The second derivative gives,

\frac{δ^{2} S_{λ} [q (\vec{x})]}{δ q ({\vec{x}}^{'}) δ q ({\vec{x}}^{″})} = 1 / q ({\vec{x}}^{″}) δ_{D} (x^{'} - x^{″})

(18)

The second derivative of S_λ in Equation (18) is always positive, since q is positive. Therefore,

\hat{q} (\vec{x})

, minimizes the relative entropy in Equation (9). Equations (16) and (17) are the main results of this section, which are the counterparts for the Equations (6b) and (7) in discrete case.

We apply the above results for two examples below.

Example 2. Consider a linear relationship between y and x, e.g., y = x₁ + x₂, where, 0 ≤ y ≤ ∞ and 0 ≤ x₁ ≤ ∞, 0 ≤ x₂ ≤ ∞. If the pdf in y is known as, p(y) = 1/μ exp(−y/μ), we would like to know the pdf corresponding q(x₁,x₂), where, the pdfs p and q are related by Equation (10), i.e.,

p (y) = \int_{0}^{\infty} d x_{1} \int_{0}^{\infty} d x_{2} q (x_{1}, x_{2}) δ_{D} (y - x_{1} - x_{2})

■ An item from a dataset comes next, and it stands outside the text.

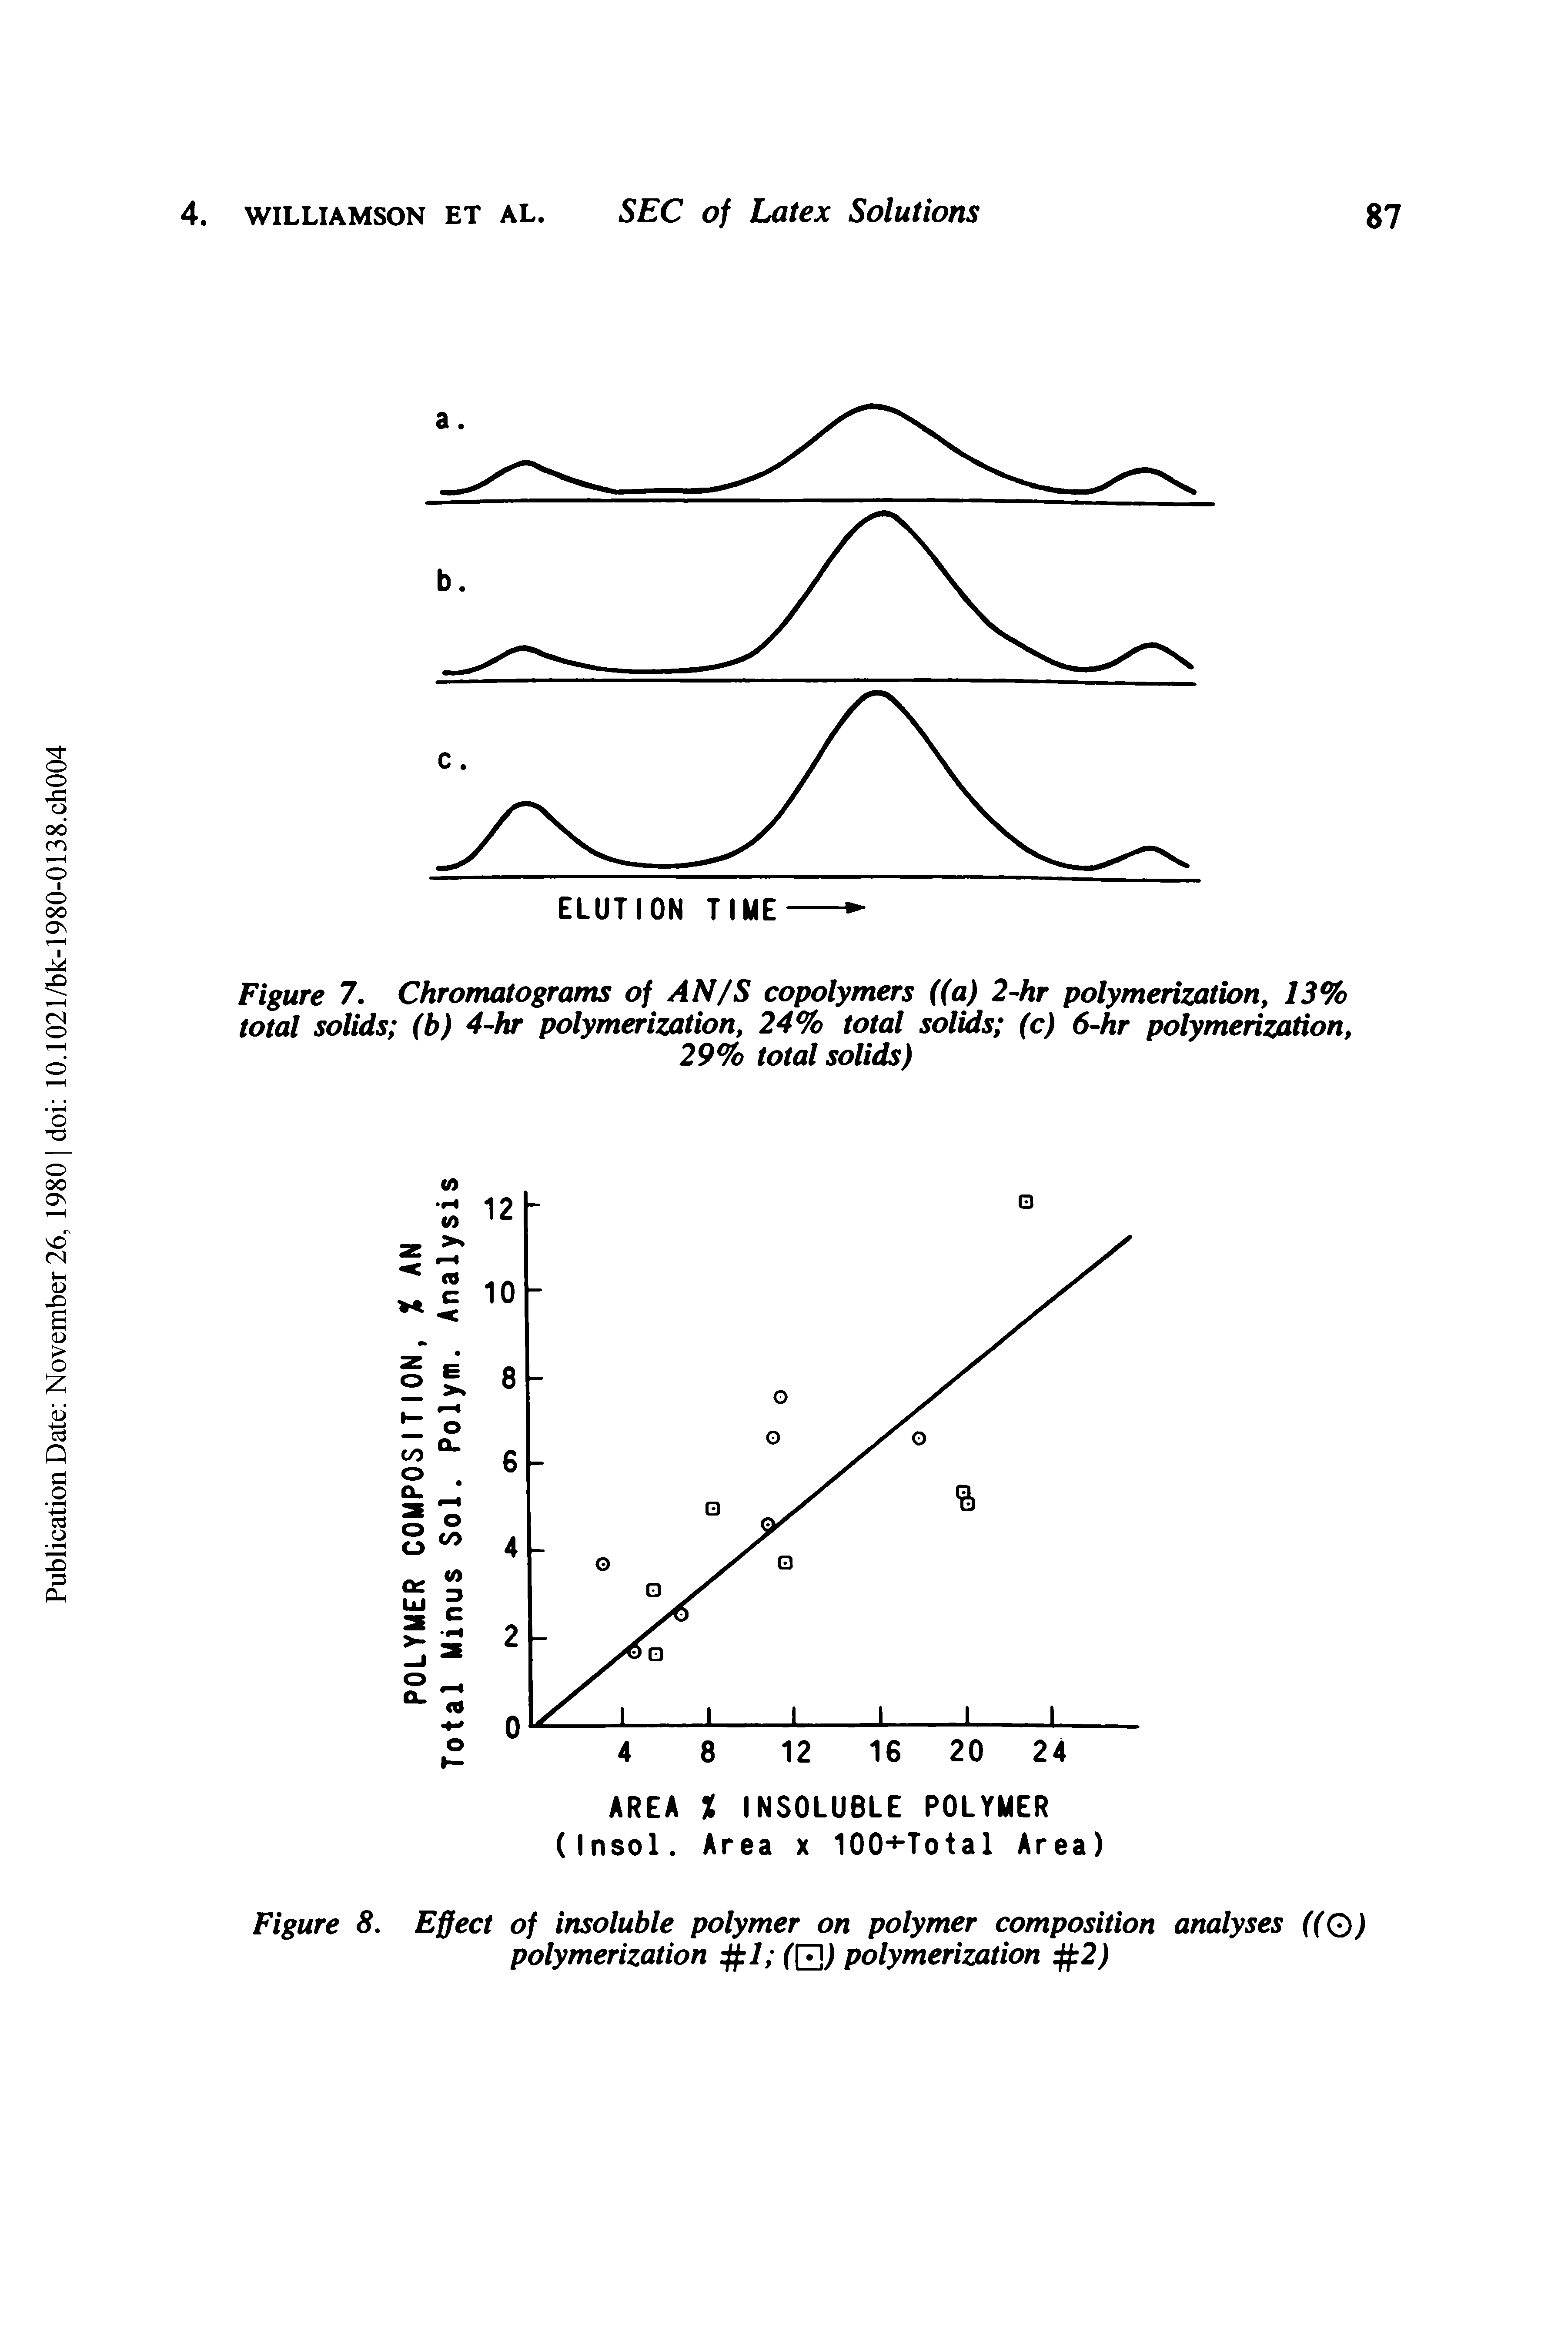 Figure 7. Chromatograms of AN/S copolymers ((a) 2 hr polymerization, 13% total solids (b) 4 hr polymerization, 24% total solids (c) 6-hr polymerization,...

The degeneracy factor in the continuous case, according to Equation (17), in this case is,

\begin{array}{l} κ (y) = \int_{0}^{\infty} d x_{1} \int_{0}^{\infty} d x_{2} δ_{D} (y - x_{1} - x_{2}) = \int_{0}^{y} d x_{1} \int_{0}^{y} d x_{2} δ_{D} (y - x_{1} - x_{2}) \\ = \int_{0}^{y} d x_{1} \int_{0}^{y} d x_{2} δ_{D} (x_{2} - (y - x_{1})) = \int_{0}^{y} d x_{1} = y \end{array}

The second equality results from the fact that the Dirac delta function is zero outside that region. The fourth equality uses the property of the Delta function,

\int_{0}^{y} d x_{2} δ_{D} (x_{2} - a) (where, a = y - x_{1} = c o n s t for this integration) = 1

Therefore,

\hat{q} (x_{1}, x_{2}) = \frac{e^{- (x_{1} + x_{2}) / μ}}{μ (x_{1} + x_{2})}

.

Example 3. Let

y = f (x_{1}, x_{2}) = x_{1}^{2} + x_{2}^{2}

, 0 ≤ y ≤ ∞ and 0 ≤ (x₁, x₂) ≤ ∞. Then κ(y), as given by Equation (17), is,

\begin{array}{l} κ (y) = \int_{0}^{\infty} d x_{1} \int_{0}^{\infty} d x_{2} δ_{D} (y - x_{1}^{2} - x_{2}^{2}) \\ = \int_{0}^{\infty} d r r δ_{D} (y - r^{2}) \int_{0}^{π / 2} d ϕ \\ = \int_{0}^{\infty} d (r^{2}) δ_{D} (y - r^{2}) \frac{π}{4} \\ = \frac{π}{4} \end{array}

Therefore, according to Equation (17),

\hat{q} (y) = \frac{4 p (y)}{π} \Rightarrow \hat{q} (x_{1}, x_{2}) = \frac{4 p (f (x_{1}, x_{2}))}{π}

In our final example, we illustrate solving the problem by taking the limit when the upper and/or lower bound(s) approach ± ∞, as mentioned near the beginning of this section of the paper.

Example 4. Let

y = x_{1}^{2} + x_{2}^{2}

, 0 ≤ y ≤ 2L² and 0 ≤ (x₁, x₂) ≤ L. First we calculate κ(y) as given in Equation (17). Therefore, we need to evaluate the integral,

κ (y) = \int_{0}^{L} d x_{1} \int_{0}^{L} d x_{2} δ_{D} (y - x_{1}^{2} - x_{2}^{2})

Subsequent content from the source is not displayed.